My road to the Catholic Church began when I realized that what Protestants say about how they discern divinely revealed truth simply doesn’t work. Protestants say that they get this knowledge from the Bible directly, with the immediate (in the sense of unmediated) assistance of the Holy Spirit. The obvious implication of such a principle would be that they should all be in agreement about those things that one must believe in order to be saved. After all, if your Teacher is God Himself, and since God does not lie, how would it be possible for you to disagree with your fellow Protestants about such truths? Of course, there are some things that may reasonably be called matters of indifference, but there are others for which that description is decidedly unreasonable. For example, it is unreasonable to suppose that Protestants can legitimately disagree in their beliefs about God’s nature and the Trinity if God helps them to understand the Bible in the way that they claim. It is unreasonable to suppose that Christ has given them sacraments but that their meaning and number is uncertain if God helps them to understand the Bible in the way that they claim. And yet they most certainly do differ on these questions (and many others). But if they differ on such matters, it means that the Holy Spirit is saying different things to different people—and not just different, but contradictory things. But God does not lie. Therefore it cannot be the case that the Holy Spirit leads them to the truth in the way that they say.

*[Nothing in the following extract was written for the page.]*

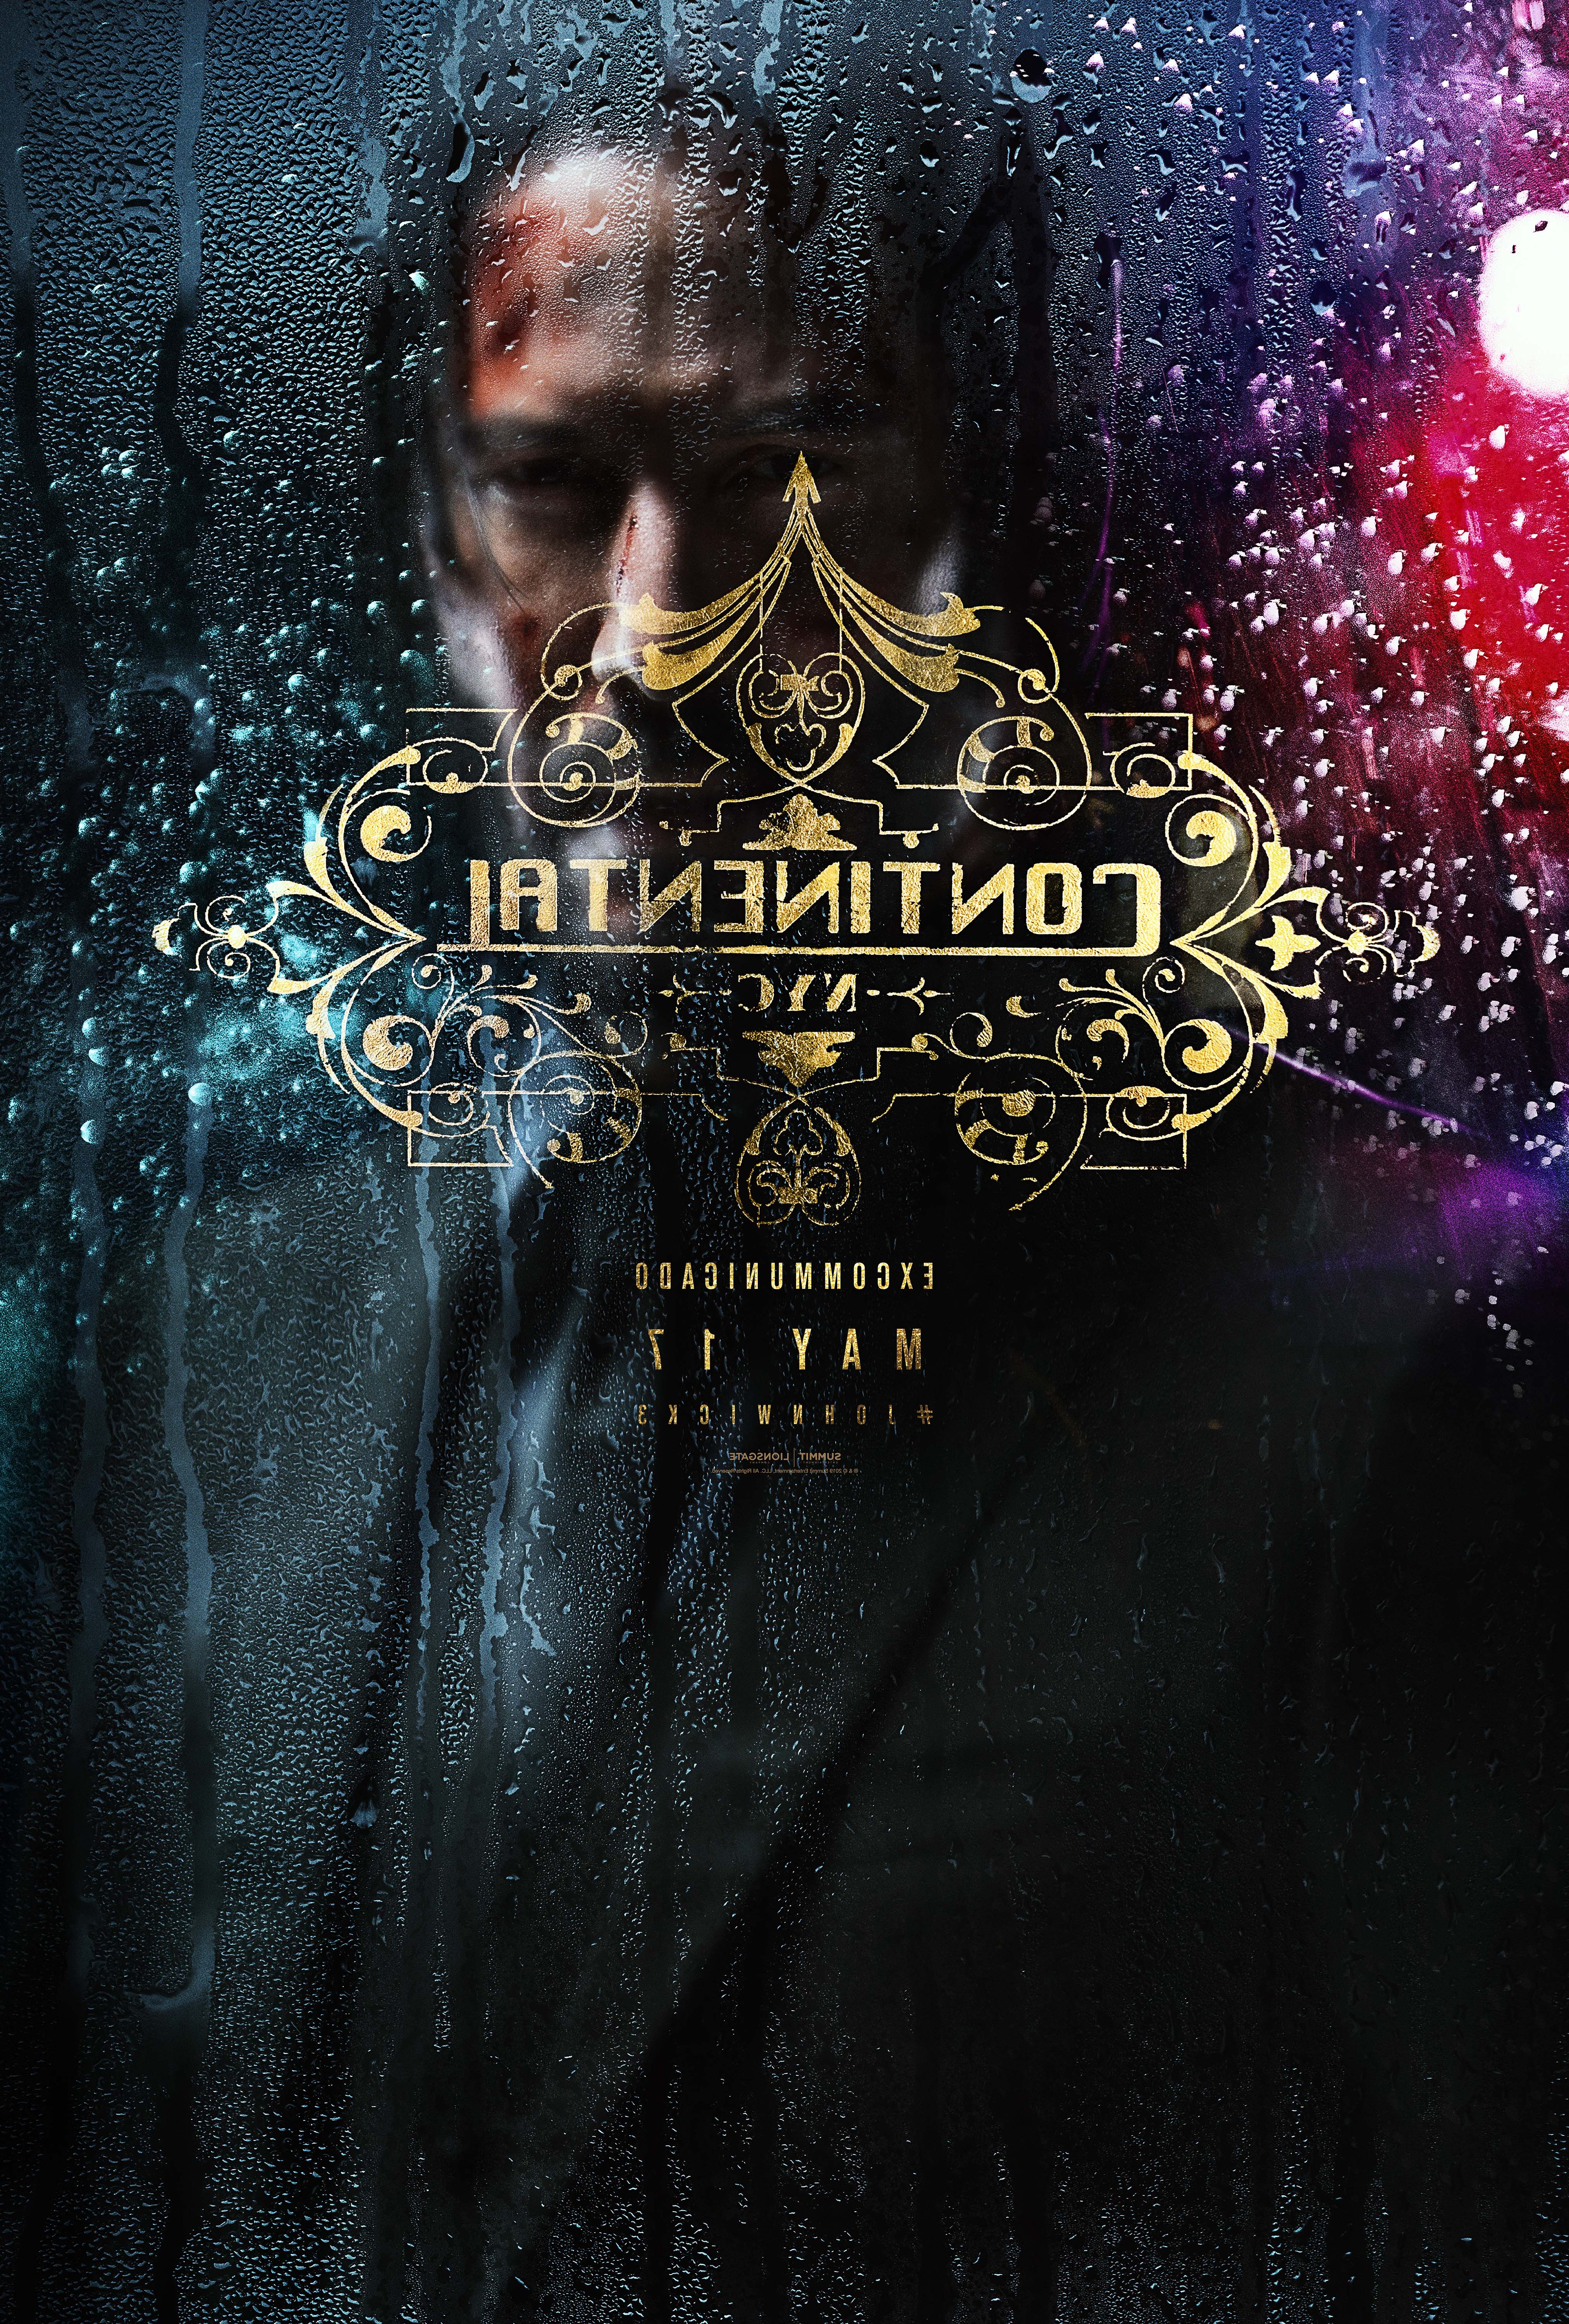 John Wick: Chapter 3 Poster and Full Title Revealed
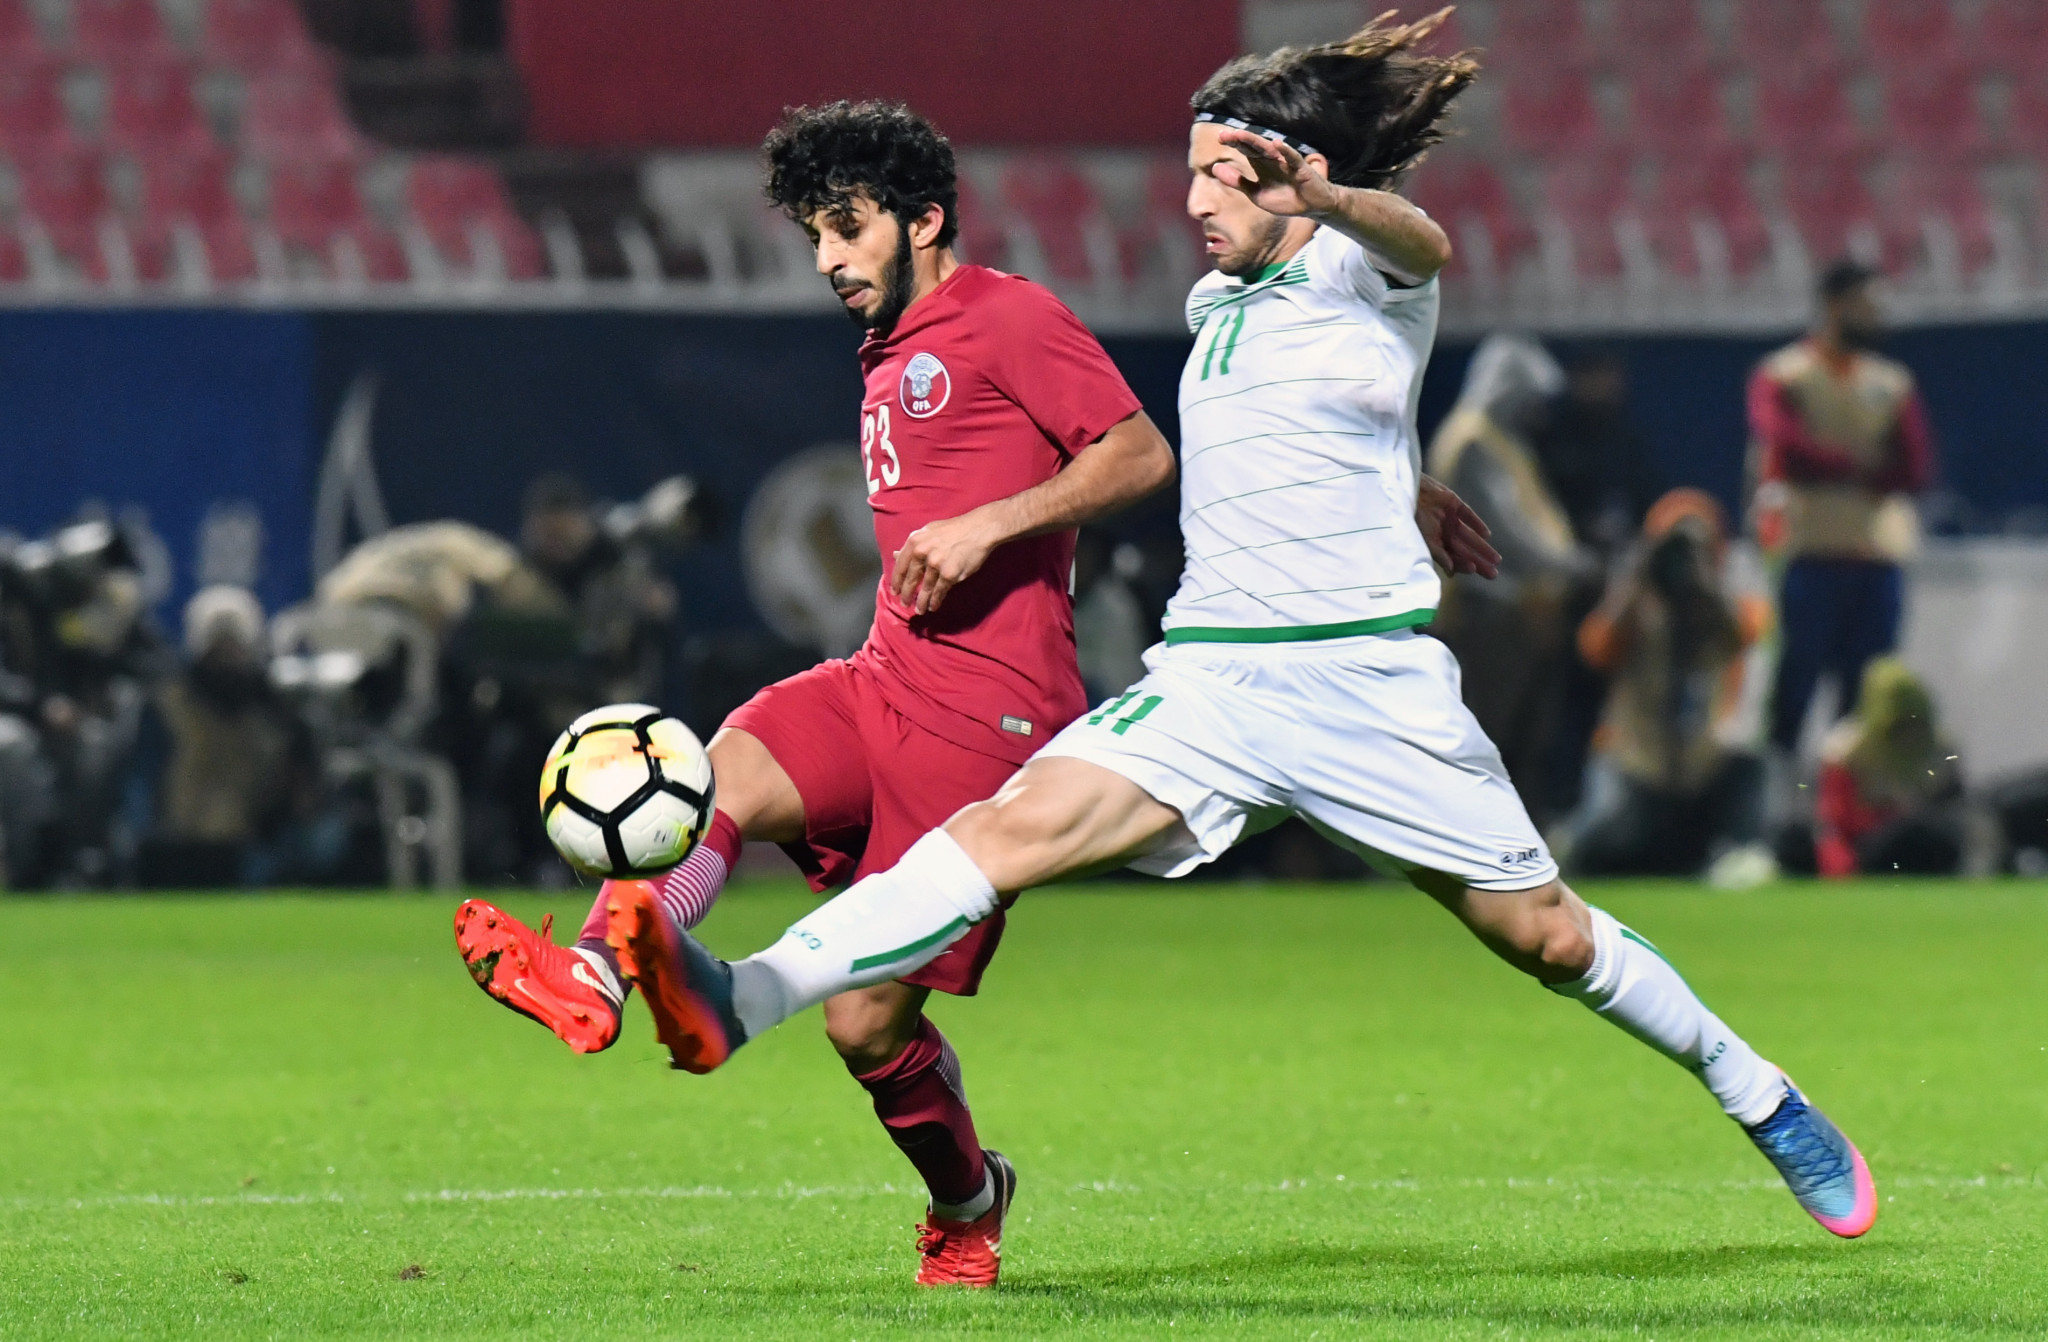 Iraq's midfielder Humam Tariq, right, vies for the ball against Qatar's midfielder Hamad Al-Abedy during their 2017 Gulf Cup of Nations group match at Al Kuwait Sports Club Stadium in Kuwait City ©Getty Images

This is not to say that it is impossible to discover truth in the Bible by reading it; of course it is possible. It is to say, rather, that it is not possible to achieve certainty about the truth we might discover there. This would not be the case if the Holy Spirit operated in the way that Protestants claim, because God both knows the truth with certainty and does not lie. These things being so, I realized that I could not remain a Protestant, and in the course of time I and my family were received into full communion with the Catholic Church.
A suitable object lesson concerning the claim that I’ve just made—namely, that the Protestant is wrong about how the Holy Spirit works in relation to the Bible—can be found in the ongoing controversy over the so-called “Federal Vision” (FV) or “New Perspective on Paul” (NPP) among the conservative Reformed denominations. Multiple Presbyterian and Reformed denominations have condemned FV/NPP as theological error; at least one seminary professor has been fired, and pastors and congregations have moved from one denomination to the other as a consequence. The major bone of contention seems to focus on the Protestant idea of sola fide justification. The denominations apparently claim that FV/NPP contradicts this doctrine, and they take it sufficiently seriously as to be perfectly willing to break fellowship with their (former) brethren over it.
Now it ought to be uncontroversial to say that the general question of justification is not a matter of theological indifference: after all, it was a primary dispute (or perhaps the primary dispute) of the Reformation. And yet here we have Reformed folks vehemently disagreeing about it. Considering that they have condemned it as a significant error, we may safely conclude that the majorities in the denominations that have condemned FV/NPP do not believe that the Holy Spirit has led its adherents to their position, but on the contrary has led themselves to the truth. The problem with that supposition is that there is no principled reason to believe anything of the sort. The FV/NPP adherent firmly believes that the Holy Spirit has led him to the truth. On what grounds, then, has the majority determined that this is not true? It should be obvious that there is no objective basis for saying so. They may appeal to Reformed confessional standards, but obviously that doesn’t imply that the FV/NPP is wrong, but simply not Reformed. Now this might be sufficient grounds in their eyes to warrant breaking fellowship, but it’s another thing entirely to say that FV/NPP is wrong or unscriptural, which is the usual associated claim. And the majority simply cannot prove that the Holy Spirit has not spoken to the FV/NPP group: they have no objective, principled grounds for doing so.
Hence we see that—even with respect to questions that they themselves consider to be of utmost importance—Protestant epistemology doesn’t work.